In her opinion, McFerran commended her colleagues for "recognizing the reality of a public health emergency" but said the decision didn't "rise to the demands of the occasion." The board shouldn't be treating mail-ballot elections as deviations that need case-by-case approval while COVID-19 is spreading uncontrollably, McFerran said.
"Accordingly, at least until the pandemic is over, the board should adopt a default presumption that mail-ballot elections are appropriate, unless in a regional director's reasoned judgment the circumstances of a particular case require in-person voting to achieve the goals of the National Labor Relations Act: free, fair, prompt, and accurate representation elections," McFerran wrote.
McFerran also said that "it is time for the board to ask itself — and the public — whether it is finally time to move beyond manual elections as the default method." She pointed out that the Federal Labor Relations Authority and the National Mediation Board, which also hold representation elections, have adopted mail, telephone and electronic voting.
The case came before the board after Aspirus Keweenaw, a Michigan hospital, asked for review of a regional director's decision calling for a mail-ballot election in response to its workers' petition to affiliate with the Michigan Nurses Association.
In its decision Monday, the NLRB remanded the case back to the regional director to have the considerations outlined in the ruling applied retroactively. In the board's press release, Ring also thanked the agency's regional directors for their efforts.
"Carrying out the mission of the agency — particularly conducting our elections — has been challenging during these unprecedented times, and the board acknowledges and sincerely thanks our regional directors and regional office staff for their extraordinary work on the front lines of this effort," Ring said in the release.
Jamie Brown, the president of the Michigan Nurses Association, told Law360 in a statement Monday that the nurses at the hospital petitioned to unionize in July "because they wanted to have a say in their working conditions and have a voice to advocate for their patients – especially during a pandemic."

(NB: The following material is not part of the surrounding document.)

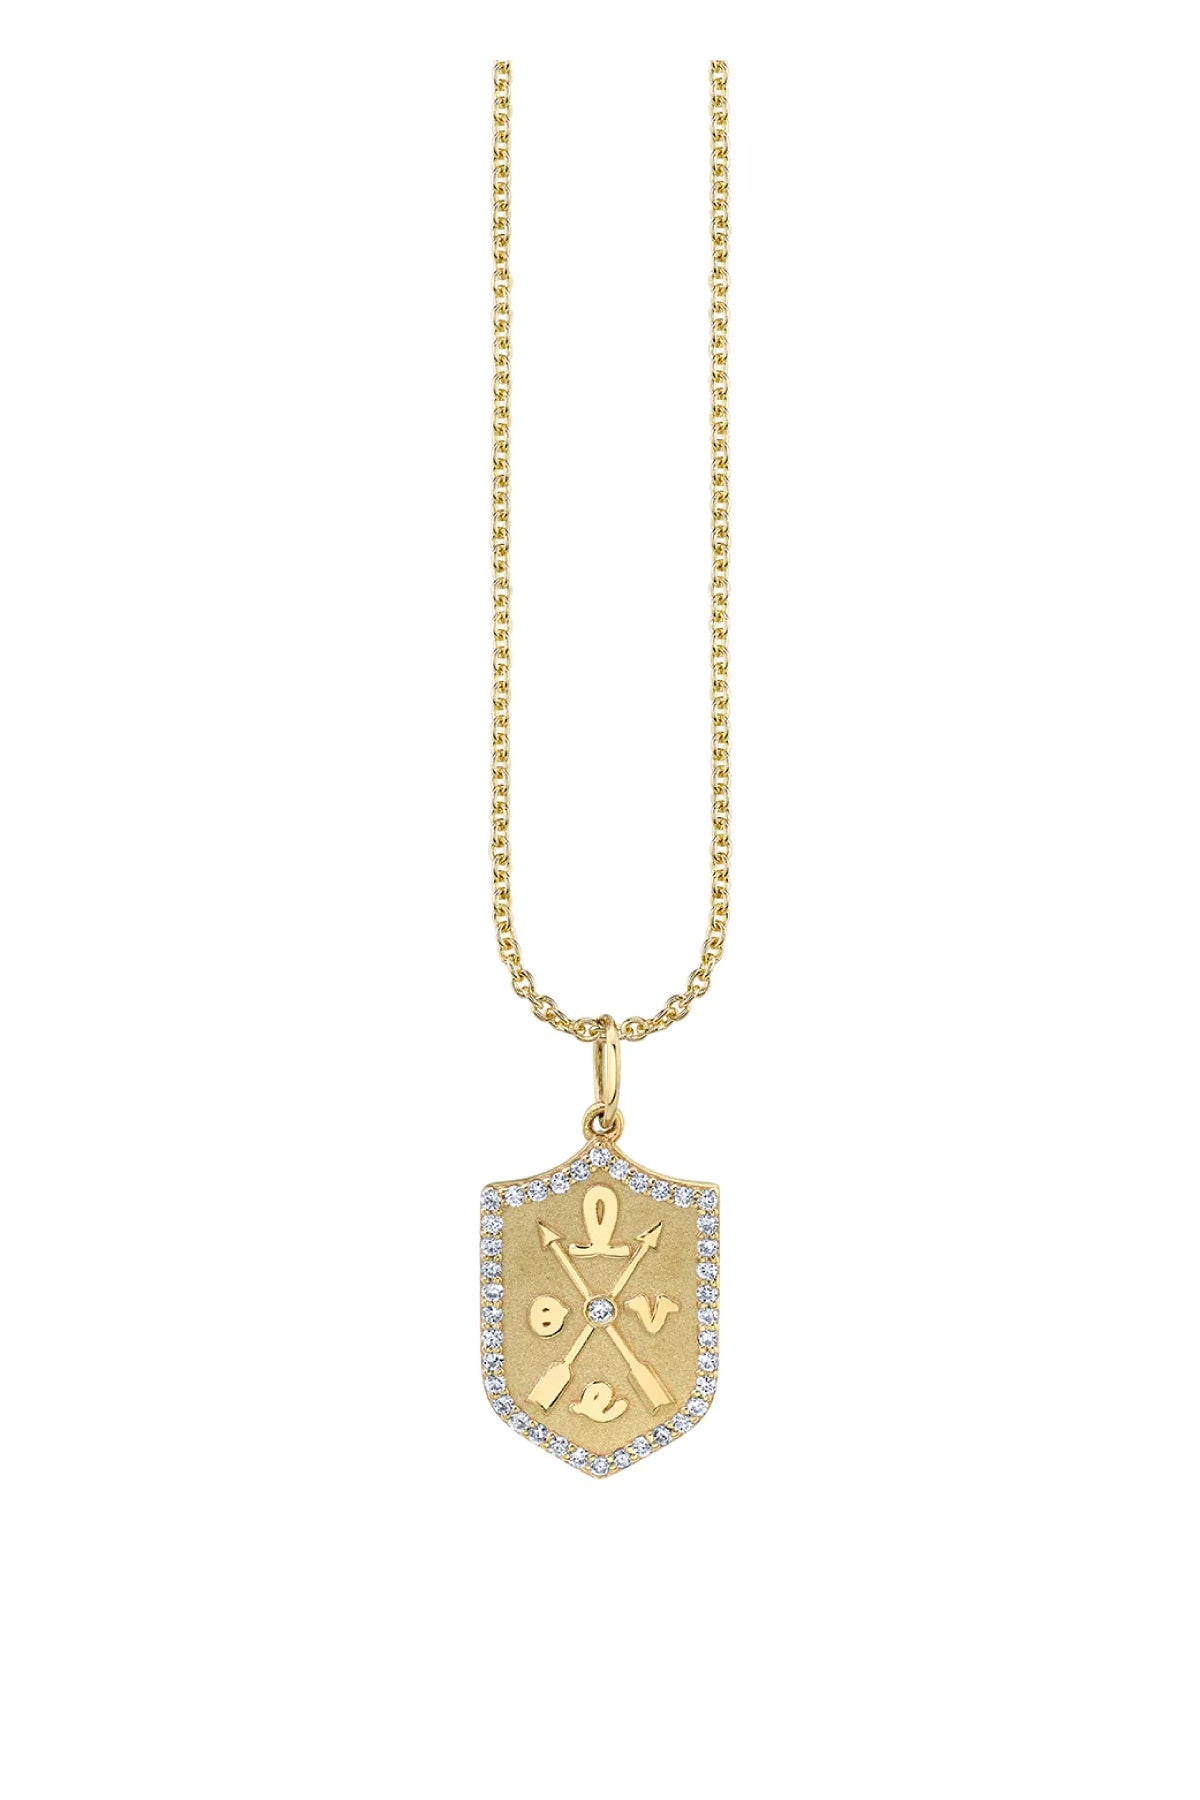 Sydney Evan Small Love Script Pave Diamond Border Crest Charm Necklace - Yellow Gold

"Since that time, COVID-19 cases in the hospital's area have increased by 226.6% and more nurses and healthcare professionals in the state of Michigan have died from infection," Brown said. "While the Board's articulate development of the specific factors necessary to order a mail ballot election in the remaining months of the pandemic is appreciated, it is unacceptable that the delay in issuing this decision has effectively deprived our fellow nurses of their statutory rights to form a union and collectively bargain for their health and safety during such a critical time. An election must be held – and soon."
Counsel for the hospital didn't respond to a request for comment late Monday.